The past weeks have been a bit rough for me. The lockdown has stifled my self-esteem quite severely, and it’s left me floating without motivation or imperative. I did, however, find the energy to attend the Arts Scholars forum on power and inequality in research.
I sit in a strange position in terms of my race: I’m mixed race, but white parents raised me. Sitting in the Zoom call alone in my physical isolation made me realise just how emotionally and socially isolated I am because of my upbringing. I’ve never felt comfortable in POC spaces because they are so often hyper-critical of the white majority. Intellectually, I know this criticism is vital as we continue trying to heal the immense damage caused by racism both in New Zealand and around the world. But emotionally, I’m not so sure. When engaged in discussions about race, I can’t help but feel targetted. I leave these conversations feeling lesser, like some fake with no purpose; a product of colonisation lower than the ‘pure’ non-mixed descendants of my black ancestors. Of course, this is never the intention of people speaking on the issues of minorities. But my emotional brain always comes away feeling like I’m a part of the problem for merely thinking that surely some white people aren’t the colonising pieces of trash that they’re made out to be.
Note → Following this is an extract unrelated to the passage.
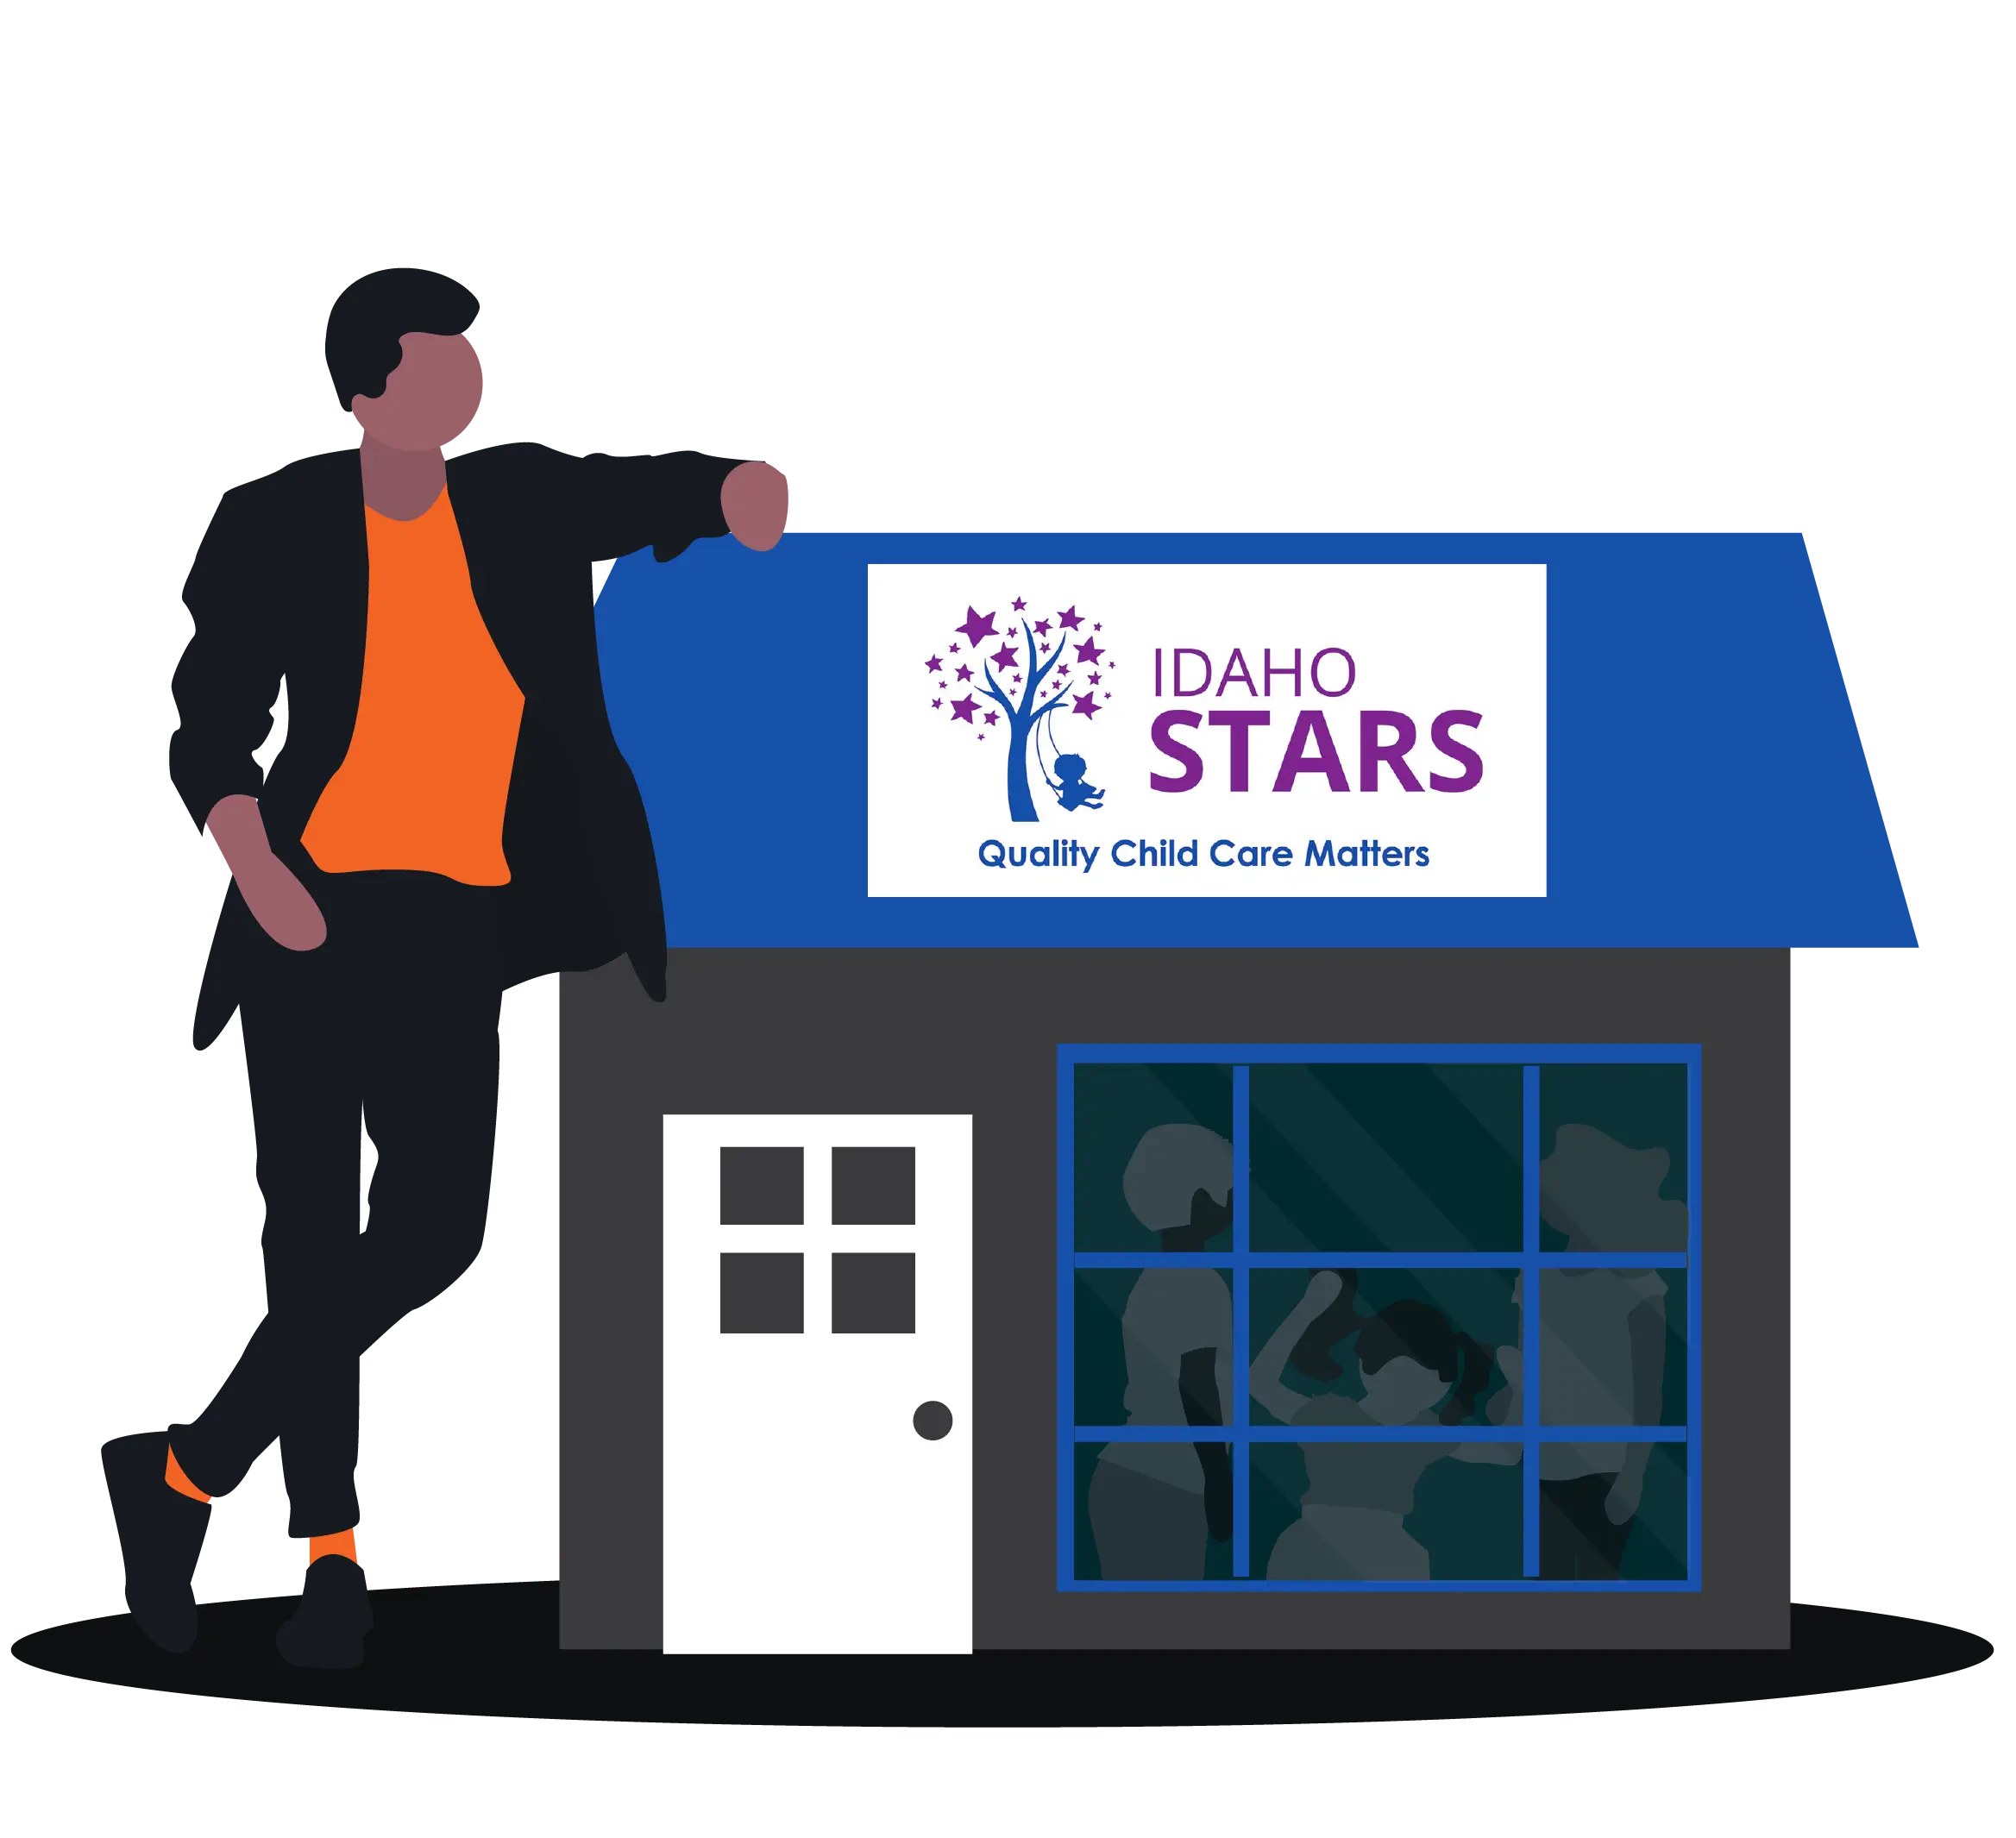 The client - About IdahoSTARS

Of course, the ego can temper this emotional reaction, and it often does, it’s foolish to take offence when these speakers are just trying to set right the injustices of the past.
And so I am left to continue floating in this strange pool of blurred lines and hazy identities. Throughout all of the discussions I’ve had with myself about my race, one question has remained: if majorities can’t write stories about minorities without whitewashing their subjects, and I’m a brown gay gender-undiscovered person raised by white straight cis people, what does that make me?